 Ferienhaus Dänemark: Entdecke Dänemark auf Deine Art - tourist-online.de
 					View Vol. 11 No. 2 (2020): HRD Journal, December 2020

* * *

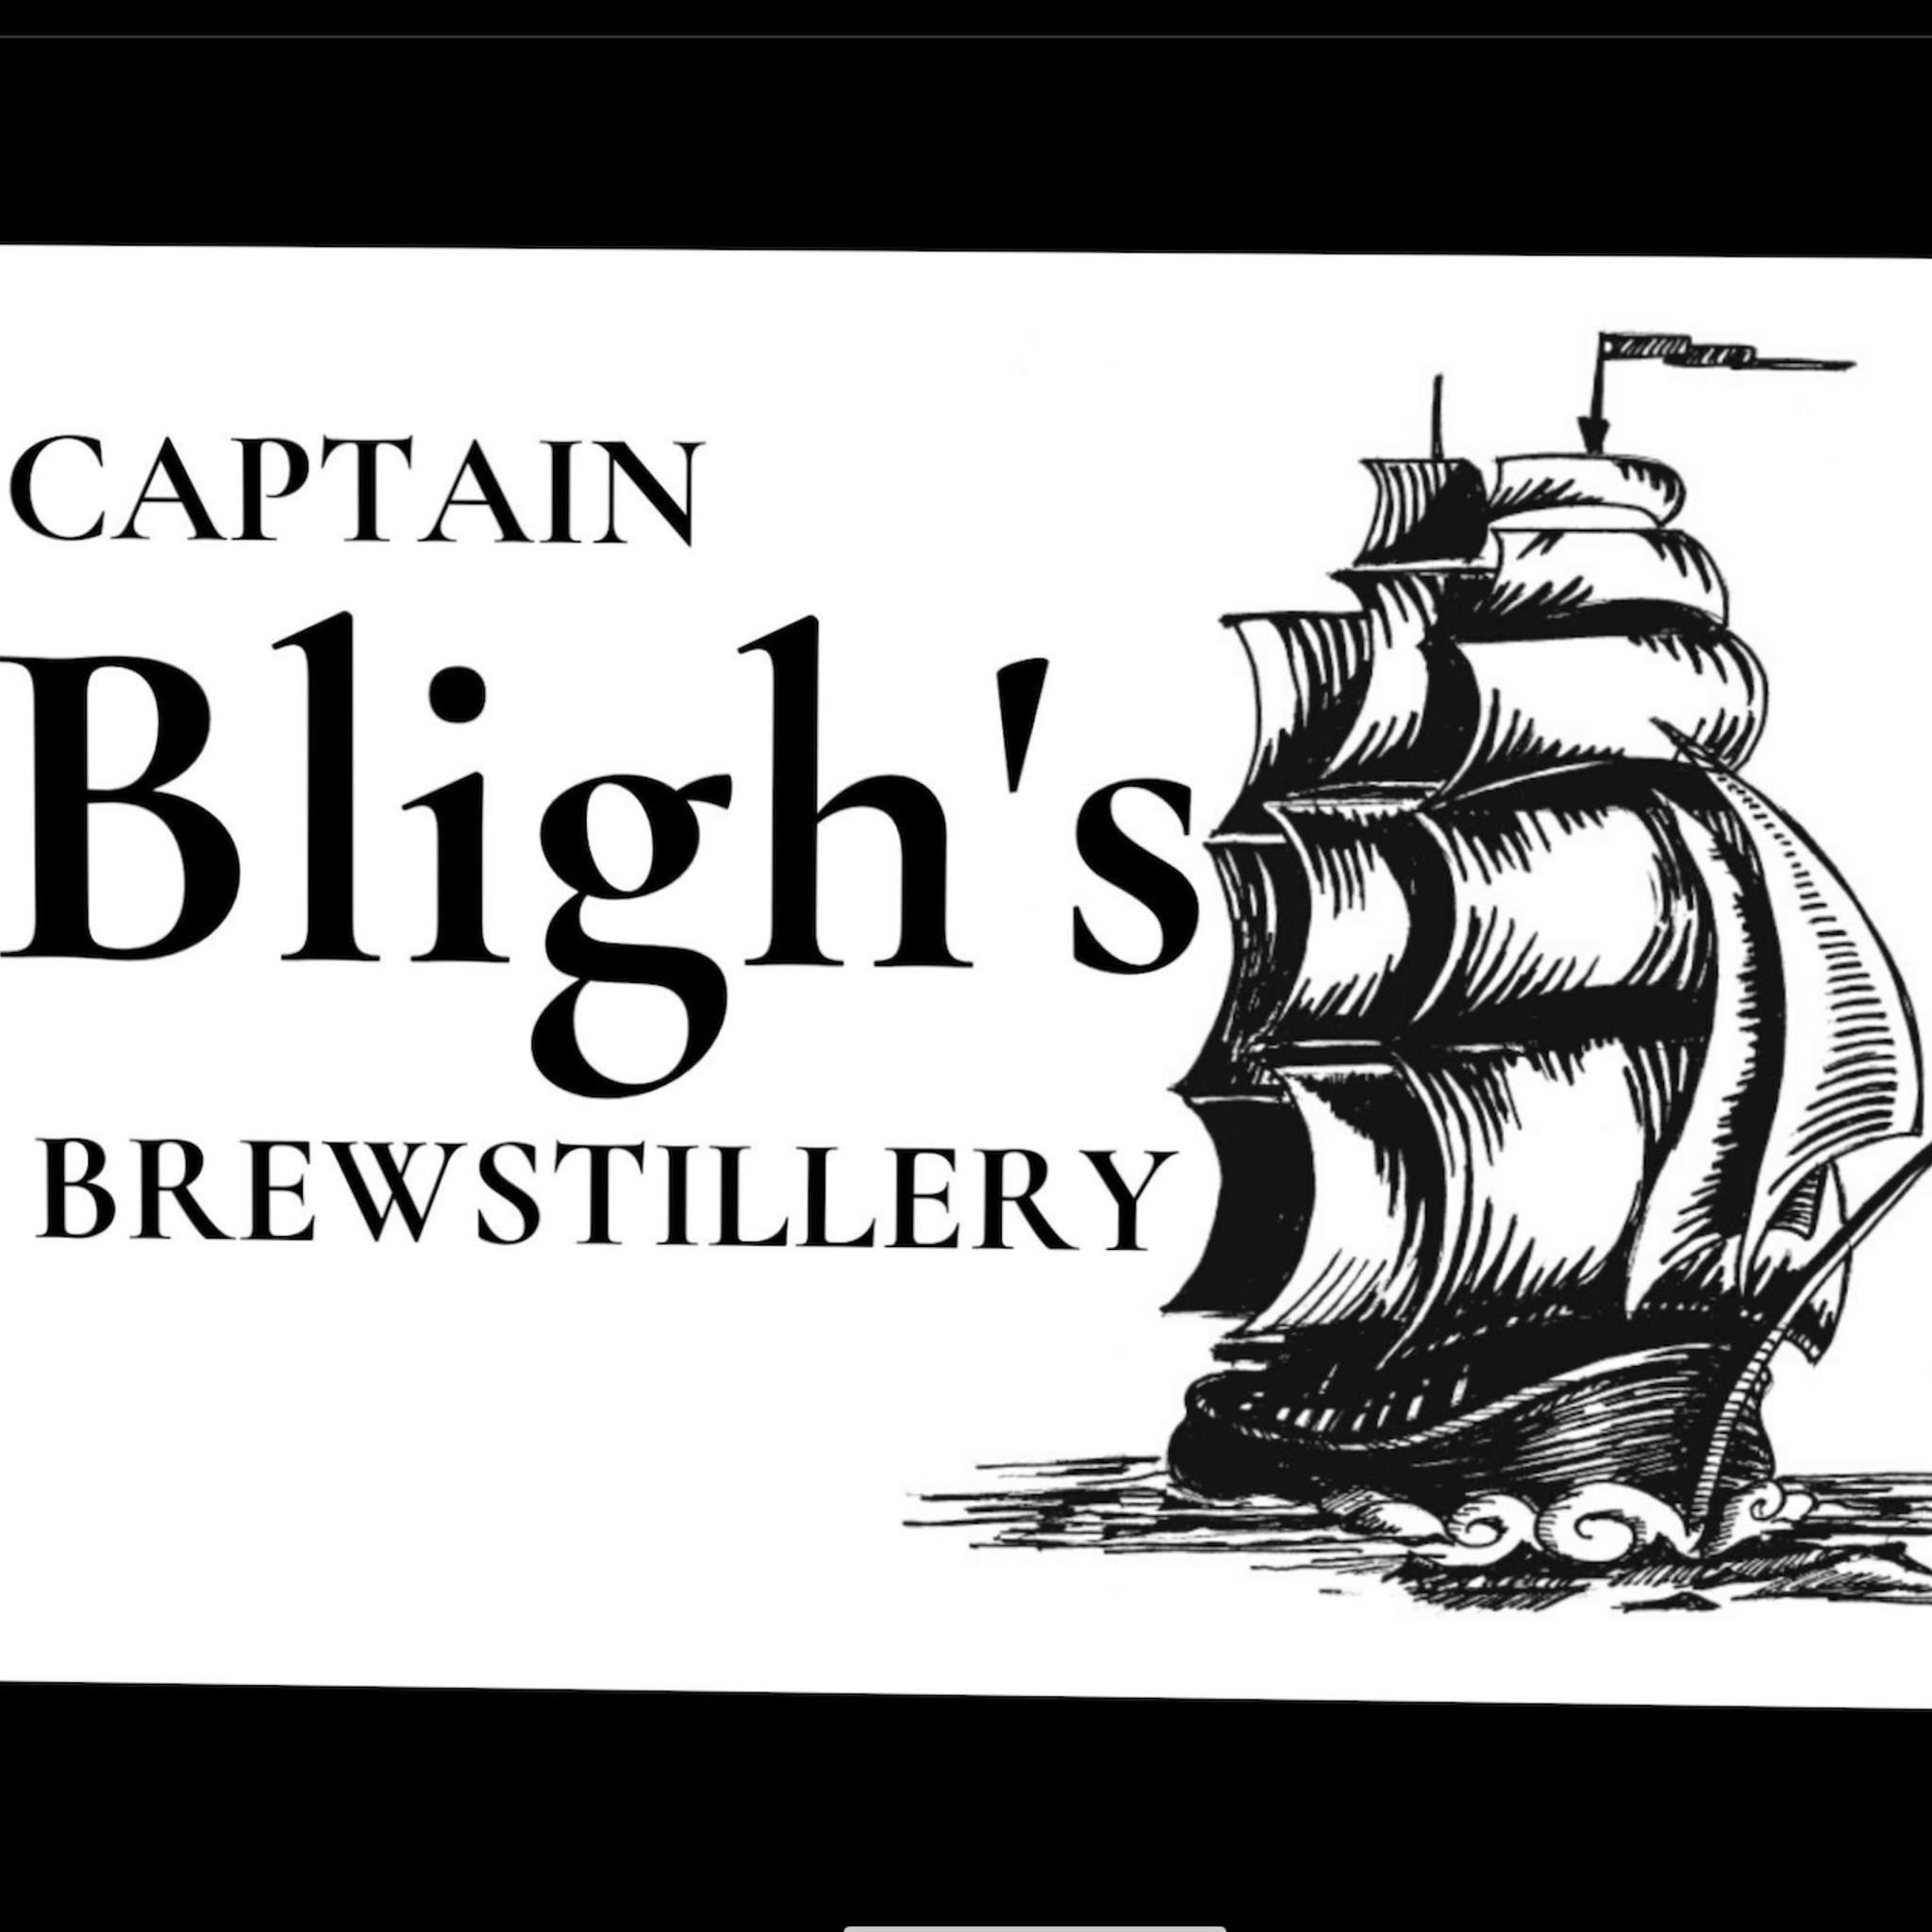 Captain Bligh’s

### Activity
Of the lines above, retype only those from the line containing "Ferienhaus Dänemark: Entdecke" through the line containing "View Vol. 11", including both, exactly.

### Written solution
 Ferienhaus Dänemark: Entdecke Dänemark auf Deine Art - tourist-online.de
 					View Vol. 11 No. 2 (2020): HRD Journal, December 2020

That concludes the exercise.